Phil Sheridan: Bryzgalov stands tall, then shrinks
Ilya Bryzgalov finally played well enough to steal a playoff game Tuesday night. It's not his fault if his teammates insisted on returning it to its rightful owners.
Ilya Bryzgalov finally played well enough to steal a playoff game Tuesday night. It's not his fault if his teammates insisted on returning it to its rightful owners.
Through two periods, Bryzgalov was magnificent - Zorro with his stick, Jimmy Rollins with his glove, Baryshnikov in the elegance of his movements. He was Roy Halladay, giving his offensively challenged team every chance to win.
But Halladay can't pitch a perfect game every start, and Bryzgalov plainly is not going to pitch many for these Flyers. They were dreadful in front of him. Slow. Sloppy with the puck. Pretty much the exact opposite of the way they played in five of six games against Pittsburgh and most of Game 1 against the New Jersey Devils.
After Matt Read gave them an early 1-0 lead, the Flyers flipped on autopilot and kicked back in their captain's chairs. The Devils were done, right? They had lost their top scorer, Ilya Kovalchuk, and already lacked the star power of the vanquished Penguins. What could go wrong?
Plenty, it turns out.
"They played really well and we were really bad," Jaromir Jagr said.
The Devils thoroughly outclassed the Flyers at their own hard-skating, forechecking game. Faced with falling behind two games to none, they threw everything they had at the Flyers.
"They owned the zones," Bryzgalov said. "They owned the neutral zone and the offensive zone. They always were in front of the net, shooting the puck. They found the rebounds. They were just unreal."
But so was he: 13 saves in the first period, 12 more in the second. He made saves that Adam Henrique and Peter Harrold and Alexei Ponikarovsky (see what we mean about star power?) went home and replayed in their dreams.
"It was disappointing," Danny Briere said. "Bryz was the only one who showed up."
But the NHL insists on playing three periods, and Bryzgalov was not as sharp after the second intermission. The barrage continued, only now Bryzgalov was not able to turn it back.
With the teams 4 on 4, there was a loose puck in front of his net. Bryzgalov lost sight of it for a second, then found himself face to face with Devils defenseman Adam Larsson.
For two-plus periods, Bryzgalov had stood tall in the net, cut down the shooting angles, and stopped everything. Now he made his 6-foot-3 frame as small as possible, leaving Larsson a huge top-shelf target. Larsson hit it and the game was tied.
Two goals later, the Devils had a 3-1 lead. They had been the better team all game and now the scoreboard proved it.
There is nothing like great goaltending to propel a team along the long, grueling road to the Stanley Cup. It erases mistakes, allows risk-taking on the offensive end, and pumps up everyone's confidence. This was the first time Bryzgalov really played that way, and the Flyers turned it into a loss.

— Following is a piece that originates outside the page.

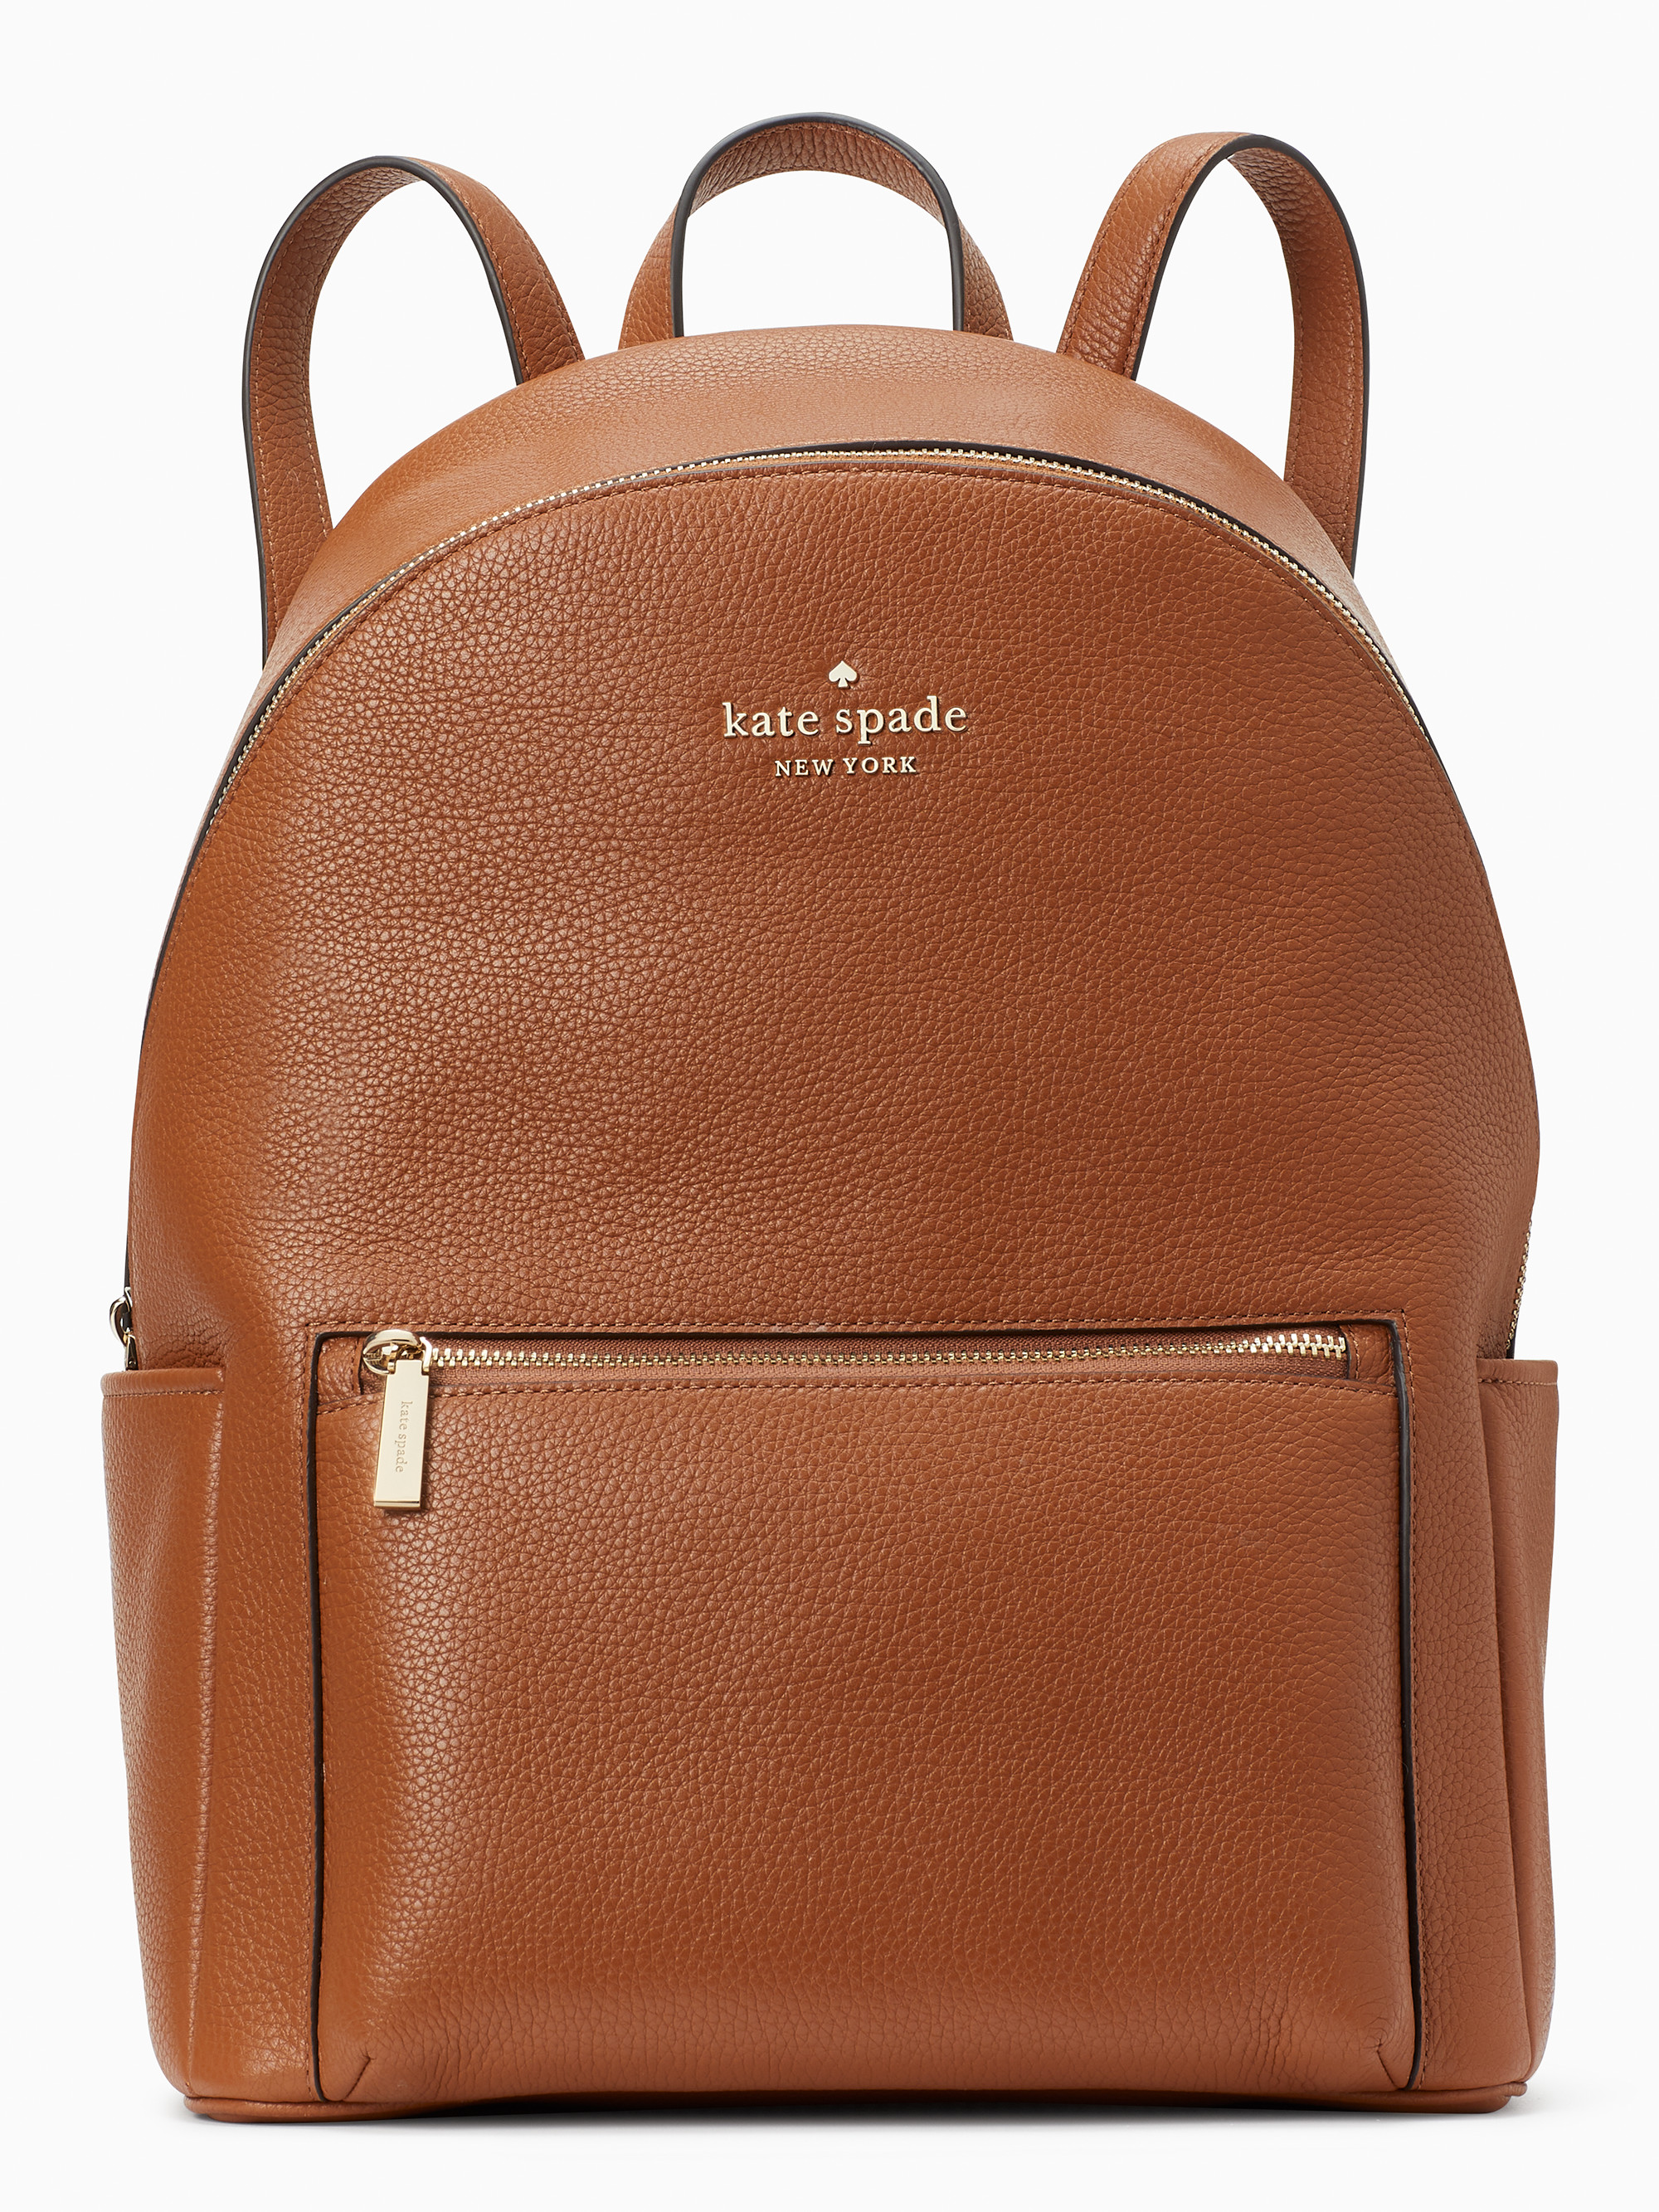 Kate Spade Leila Pebbled Leather Large Dome Backpack

They have continually expressed their support for and confidence in Bryzgalov during these first two rounds. That is what players do. But there has been an undercurrent of uncertainty all along.
On Sunday, Bryzgalov played well in the first period, keeping the Flyers in the game as they knocked off rust from their weeklong layoff. They gradually took over, dictating the action and building a 3-2 lead on the Devils.
And then Jakub Voracek lost the puck in the offensive zone. New Jersey's Petr Sykora raced down the left side and whipped a shot right through Byrzgalov's pads.
It was the kind of goal that you just can't have, especially in the third period of a playoff game. It was the kind of goal that can crush a team's morale. In that sense, maybe the spotty goaltending of the last few years actually has helped the Flyers. They're immune to post-softie deflation.
So they bounced back and won Sunday. But coach Peter Laviolette's postgame comments were telling.
"I thought that Bryz had a heck of a first period when we weren't sharp," Laviolette said. "I think we probably gave up seven or eight quality chances, we just weren't sharp, and then it flip-flopped the other way. He was sharp when we needed him to be because we needed to be better with what we were doing."
He didn't finish the thought, but it was hanging there. Bryzgalov was great when the Flyers weren't sharp, but he was vulnerable after the team play improved. After Bryzgalov played well in the deciding Game 6 against Pittsburgh, his teammates talked about seeing something different in his eyes, in his confidence that day. Left unsaid: That something wasn't there during the first five games.
It was there Tuesday night. Bryzgalov played on the highwire for most of Game 2. He was great. Then he slipped and his teammates were not around to catch him.